Guiné 61/74 - P24892: Notas de leitura (1638): Um dos patrimónios mais valiosos da cultura africana: Como exemplo, um olhar sobre os contos mandingas (2) (Mário Beja Santos)


1. Mensagem do nosso camarada Mário Beja Santos (ex-Alf Mil Inf, CMDT do Pel Caç Nat 52, Missirá, Finete e Bambadinca, 1968/70), com data de 3 de Junho de 2022:

Queridos amigos,
Aqui se põe termo a uma viagem sobre o trabalho de Hannelore Felizitas Nadolÿ da Silva, uma dissertação de mestrado. Ela retirou um conjunto de histórias da 1ª edição dos contos mandingas, de Manuel Belchior, irá espraiar-se sobre o papel da oratura, a palabra como memória viva de África, tecerá considerações sobre a problemática do conto africano, apresenta alguns dados sobre a História dos mandingas e fala-nos dos temas versados nestes contos do seguinte caráter: religiosos, didáticos, iniciáticos, humorísticos, entre outros. Atenda-se às suas conclusões, o papel dos contos é a transmissão de ensinamentos, os mais novos devem acolher este património de que costumes, crenças e tradições para mais tarde os transmitirem às novas gerações. O objetivo primordial é o saber viver através de uma moral social. Por isso o Griot usa os animais que são tipos morais simbólicos, através deles chegamos ao comportamento humano. Eles são a base da riqueza folclórica dos mandingas, tocador de kora é um transmissor cultural único, os mandingas têm consciência das suas potencialidades no âmbito da cultura e usam-na como mão de mestre. E despede-se do leitor lembrando que esta literatura oral entrou em sério confronto com a educação, com a mobilidade e com a família interétnica. O fosso geracional pode vir a fragilizar esta memória viva de África.

Um abraço do
Mário



Um dos patrimónios mais valiosos da cultura africana (3):
Como exemplo, um olhar sobre os contos mandingas


Mário Beja Santos

Pomos hoje termo a esta viagem sobre os contos mandingas analisados por Hannelore Felizitas Nadolÿ da Silva. No seu trabalho faz-se uma apreciação do papel da oratura na vertente da literatura oral tradicional, que poder ter a sua envolvente folclórica e musical, o papel da memória viva graças ao narrador, o Griot, foram elencados tanto a função do narrador como a problemática do conto africano, e depois a autora selecionou um conjunto de contos da obra de Manuel Belchior, uns exemplares ou edificantes, outros humorísticos ou envolvendo fábulas de animais, didáticos, iniciáticos, religiosos, etc. Resta-nos agora dar primazia aos contos iniciáticos e proceder à conclusão da autora.

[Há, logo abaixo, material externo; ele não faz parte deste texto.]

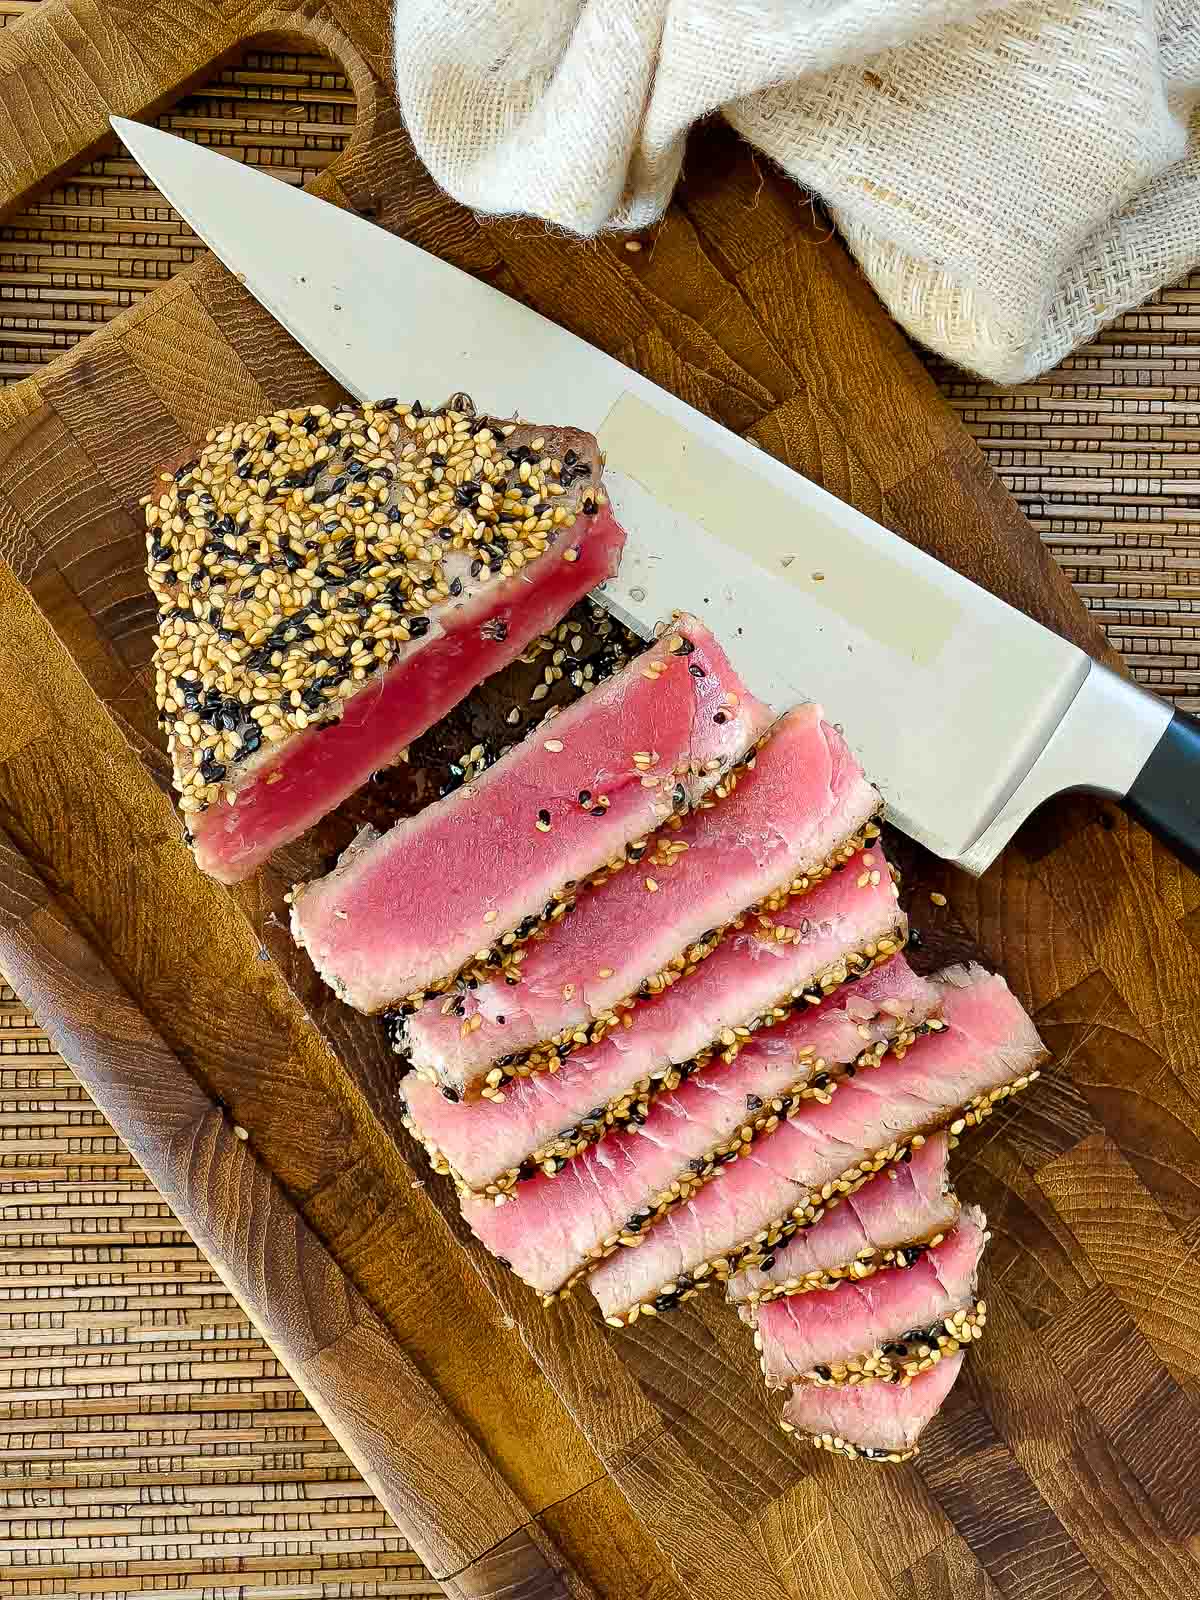 Beautifully seared tuna steak sliced on a wooden cutting board with a chef's knife on the side.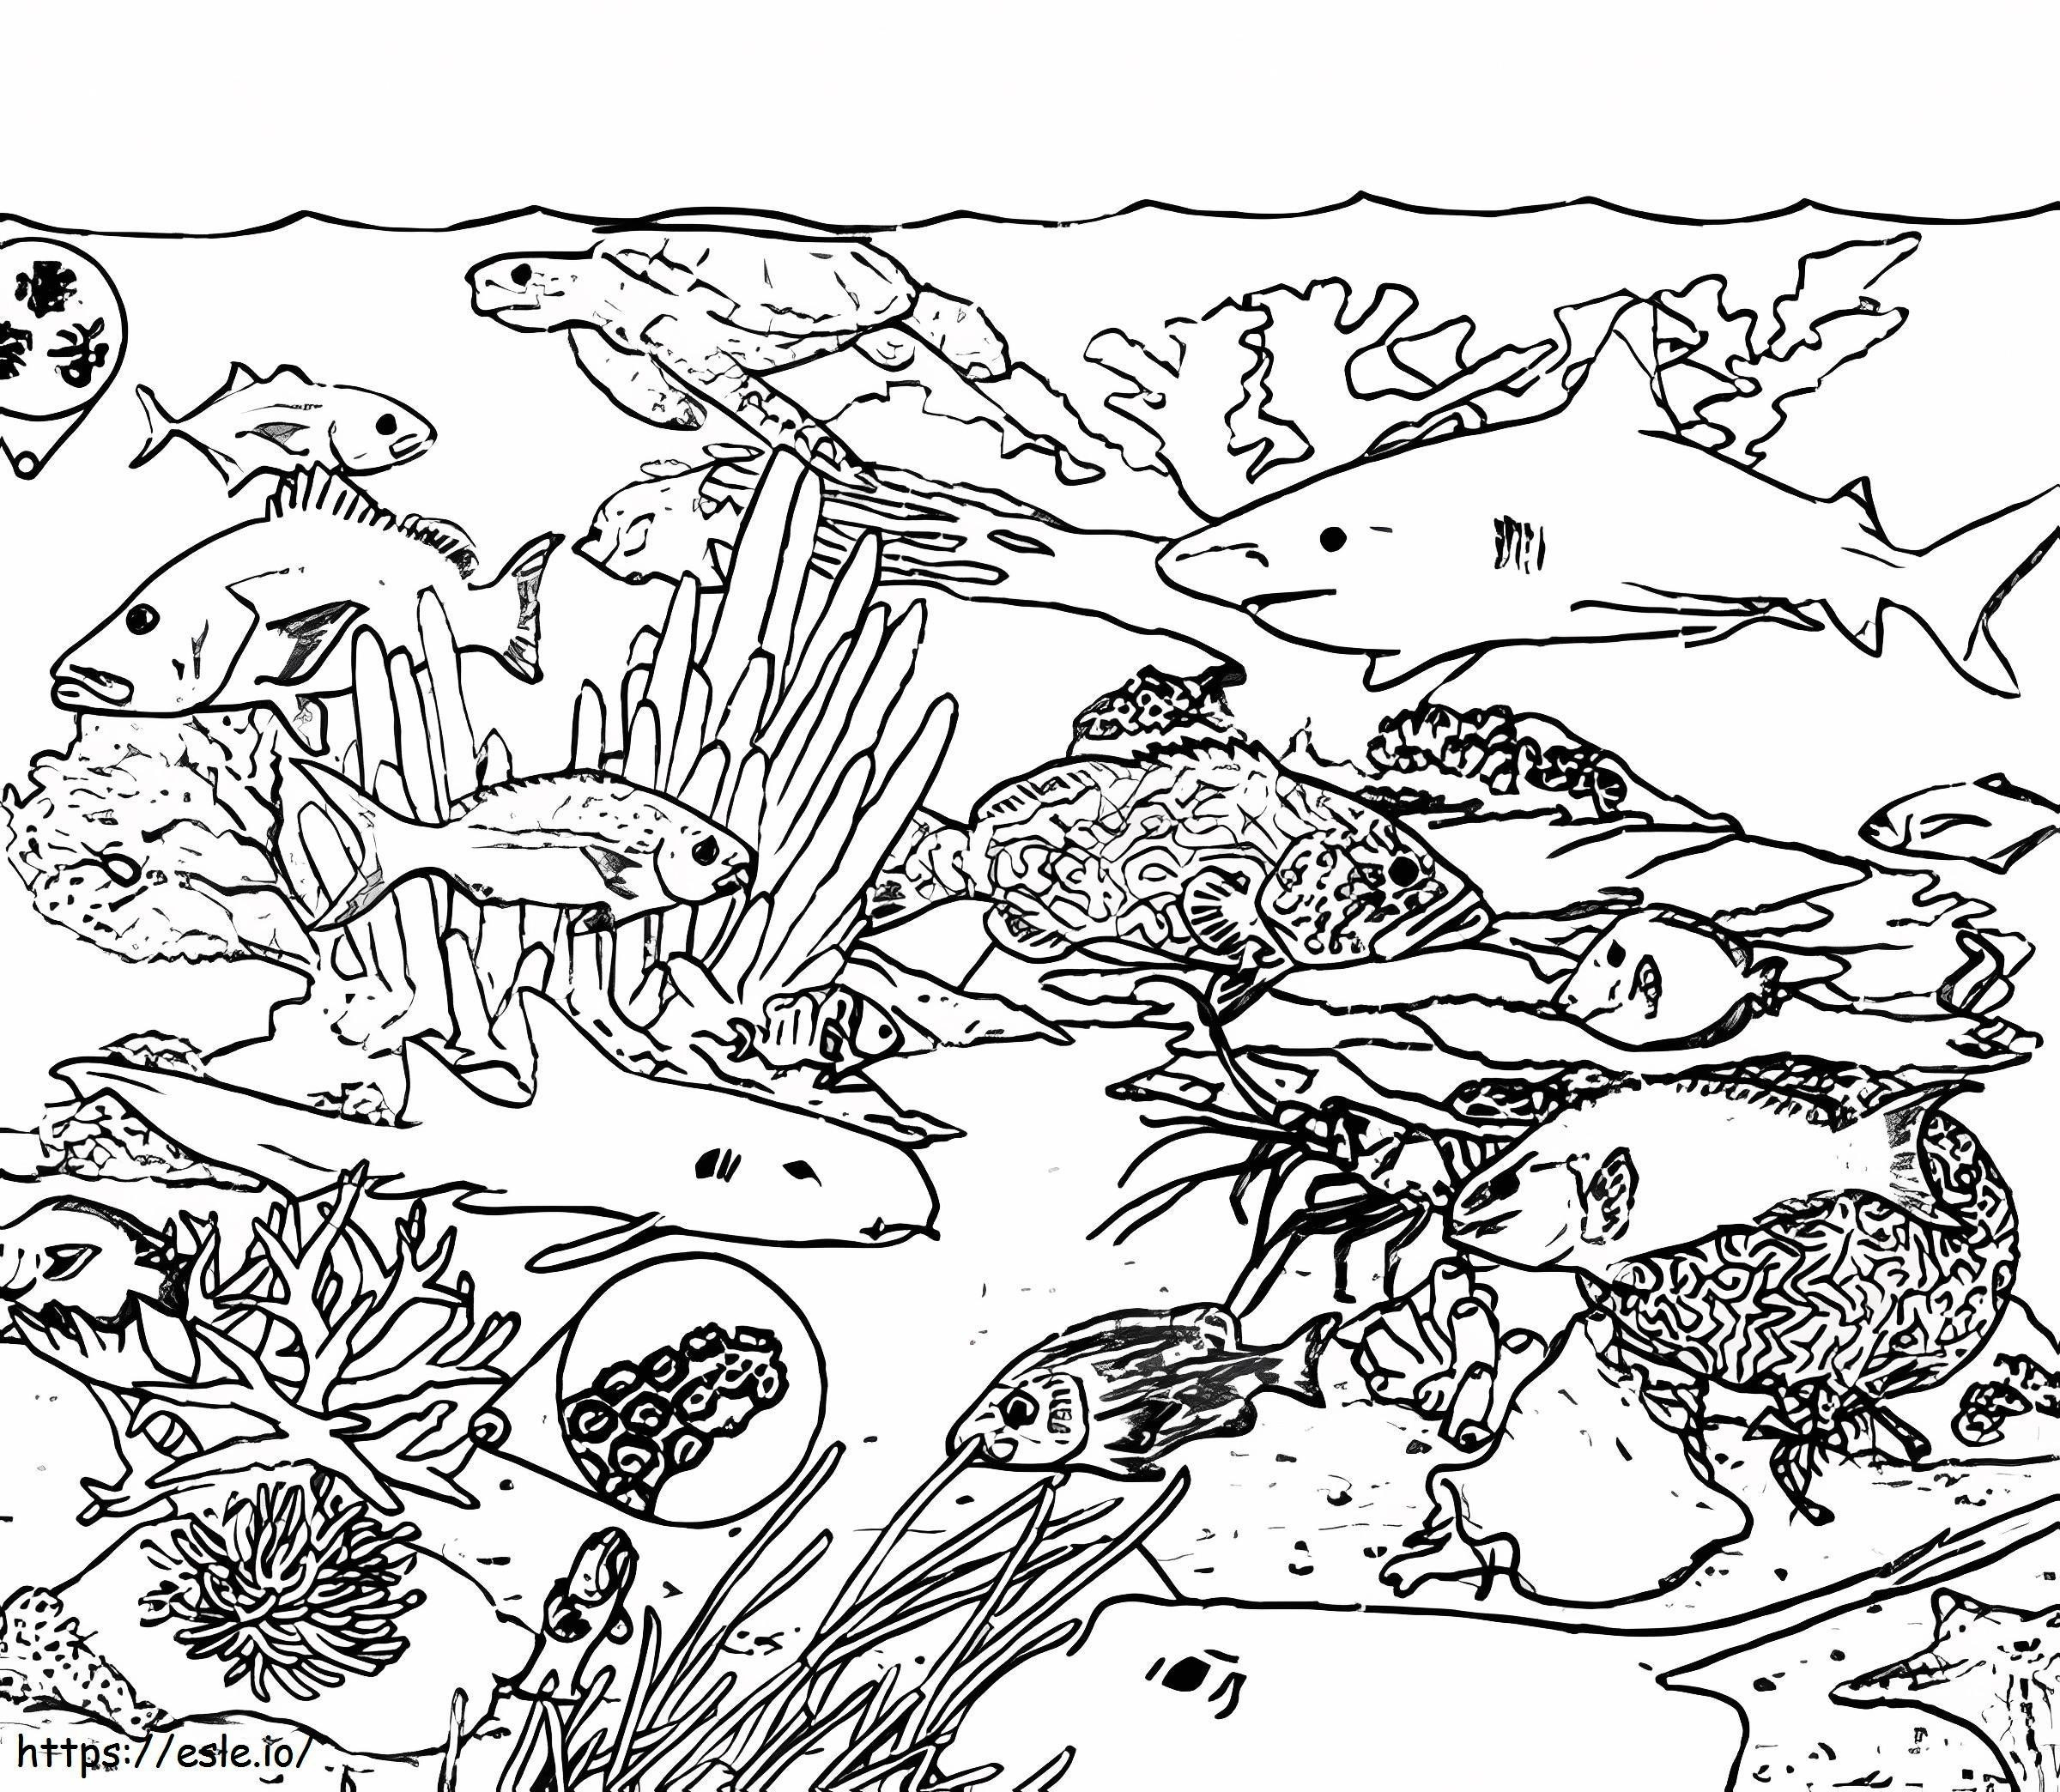 Coral Reef Ecosystem coloring page

Ela começa com o conto O Caçador e a Serpente, um homem grande está sentado no benten (espaço à sobra de uma grande árvore onde há uma grande esteira, é ali que os homens se sentam para conversar) e fala de uma serpente que atemorizava toda a população, tinha por uso e costume roubar as noivas no dia do casamento; um dia roubou a noiva do mais afamado caçador da região, este pôs-se ao caminho para a matar, anda acompanhado por uma mosca, vão juntar-se animais a esta perseguição, um chacal, uma águia e um elefante; a mosca entrou pela fenda de uma caverna e falou com as raptadas, uma delas esclareceu que a força vital da serpente estava dentro de um ovo, este dentro de uma pomba, este por sua vez na barriga de uma gazela e esta dormia no ventre de um veado, tudo acabava em duas colmeias de abelhas ferozes; havia que partir o ovo mas antes havia que evitar as abelhas e matar sucessivamente todos aqueles animais, com auxílio dos seus acompanhantes, o caçador teve sucesso. Findo o conto, o homem grande perguntou aos netos: “Depois daquilo que vos contei, dizem-me qual foi a ação que vos pareceu mais valiosa, a do caçador, a da mosca, a do chacal, a da águia, a da pedra ou a do elefante?”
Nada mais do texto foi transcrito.